Volle Unterstützung der Gewerkschaften abgesichert

Wien (GPA/ÖGB). Nachdem vergangene Woche in einem mehrstündigen Gespräch ein Arbeitskonflikt wegen drohender Verschlechterungen in Teilbereichen der OMV vorerst abgewendet werden konnte, trat gestern der Konzernbetriebsrat der OMV zu einer fünftägigen Klausur am Semmering zusammen, um die weitere Vorgangsweise zu beraten.++++

Hauptdiskussionspunkt wird die weitere Strategie des Betriebsrates im aktuellen Umstrukturierungsprozeß des Unternehmens sein. An den Beratungen nehmen Betriebsräte aller österreichischen und internationalen Standorte und aller Tochterunternehmen der OMV teil. Neben der aktuellen Diskussion werden ÖIAG-GD-Stv. Dr. Johannes Ditz und AR-Präsident Dr. Oskar Grünwald mit Grundsatzbeiträgen zur Situation in der ÖIAG und zur Rolle von Aufsichtsräten auf der Klausur präsent sein. Weitere Themen werden Mobbing am Arbeitsplatz und Chancengleicheit im Unternehmen sein.
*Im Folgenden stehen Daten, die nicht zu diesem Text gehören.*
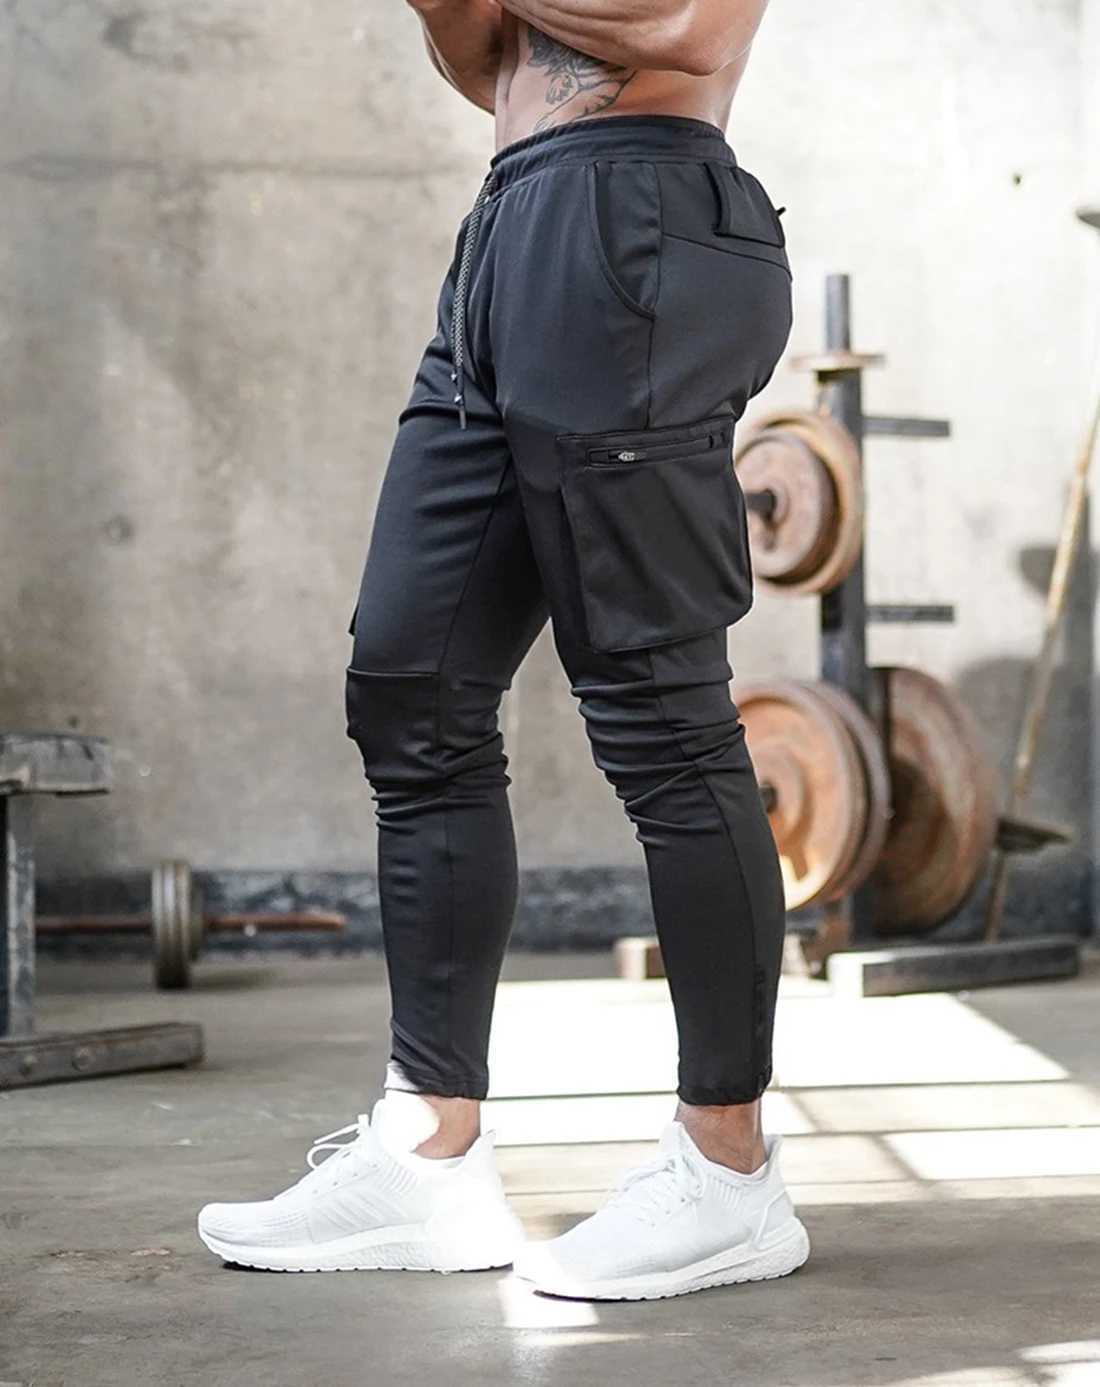 Calça masculina masculino escuro leggings correndo calças de jogging joggers strtwear calças de vários bolsos esportivos de treinamento de baixo
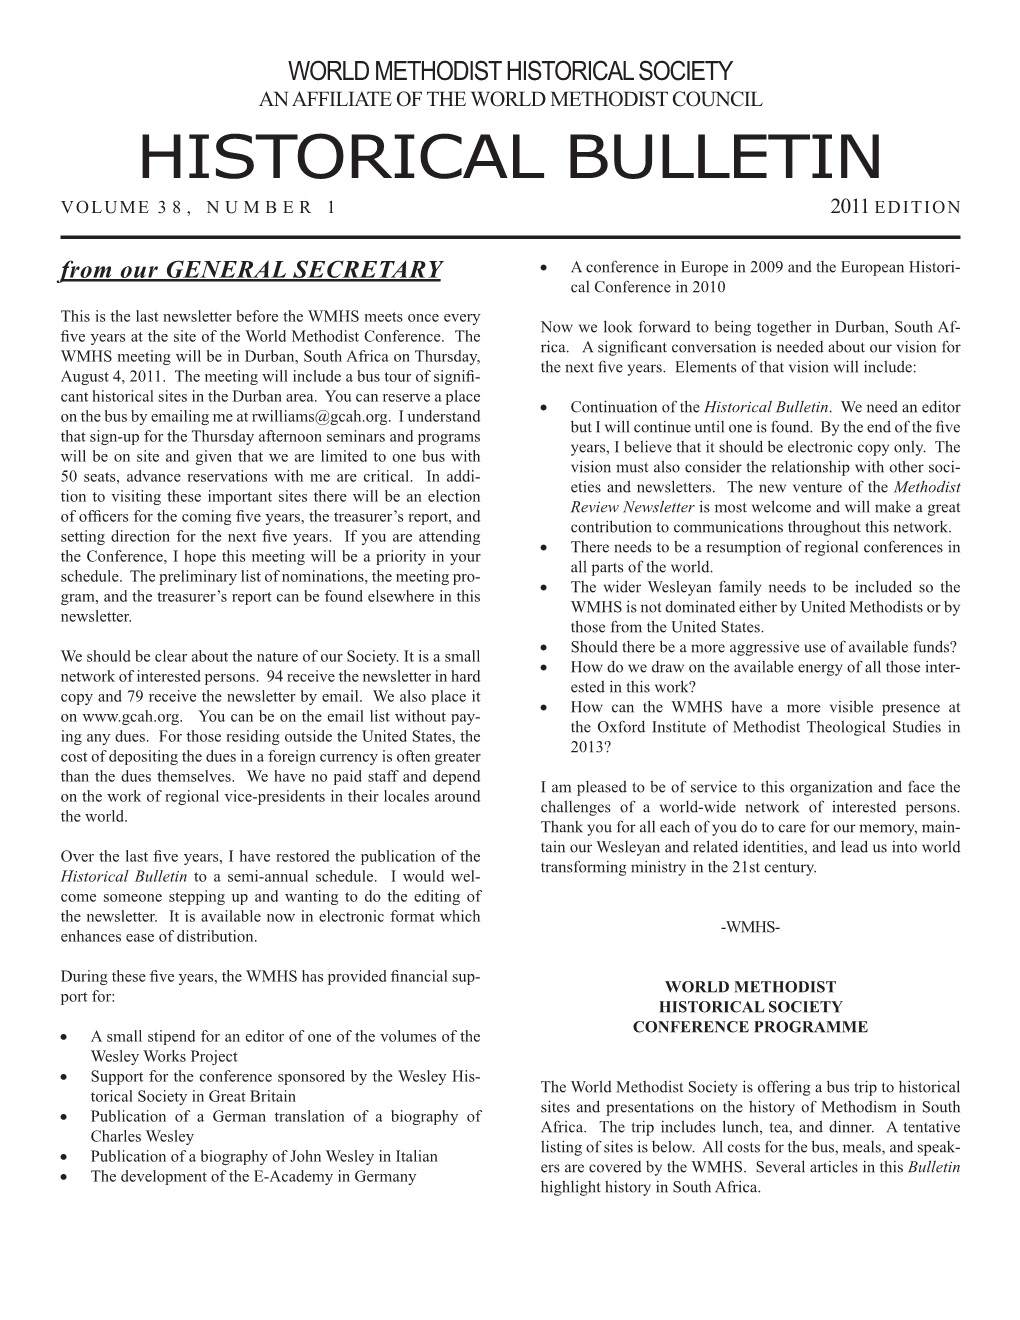 Historical Bulletin

Der Vorsitzende des Zentralbetriebsrates, Ing. Leopold Abraham, zeigte sich vor Beginn der Klausur optimistisch, dass die ursprünglichen Maßnahmen samt damit verbundener arbeitsrechtlicher Verschlechterungen von Teilbereichen verhindert werden können. Er hob die große Solidarität der Belegschaft hervor, die bei allen bisherigen Aktionen klar zum Ausdruck kam. Trotz einer vorläufigen Vereinbarung mit dem Vorstand könne sicher noch keine Entwarnung gegeben werden, so Abraham.. Die OMV-Belegschaft kann sich auch der Unterstützung aller in der OMV vertretenen Gewerkschaften (GPA, GMT, Chemie) sicher sein. Noch am Dienstag holte sich Abraham in einem Gespräch die volle Unterstützung von GPA-Vorsitzenden Hans Sallmutter.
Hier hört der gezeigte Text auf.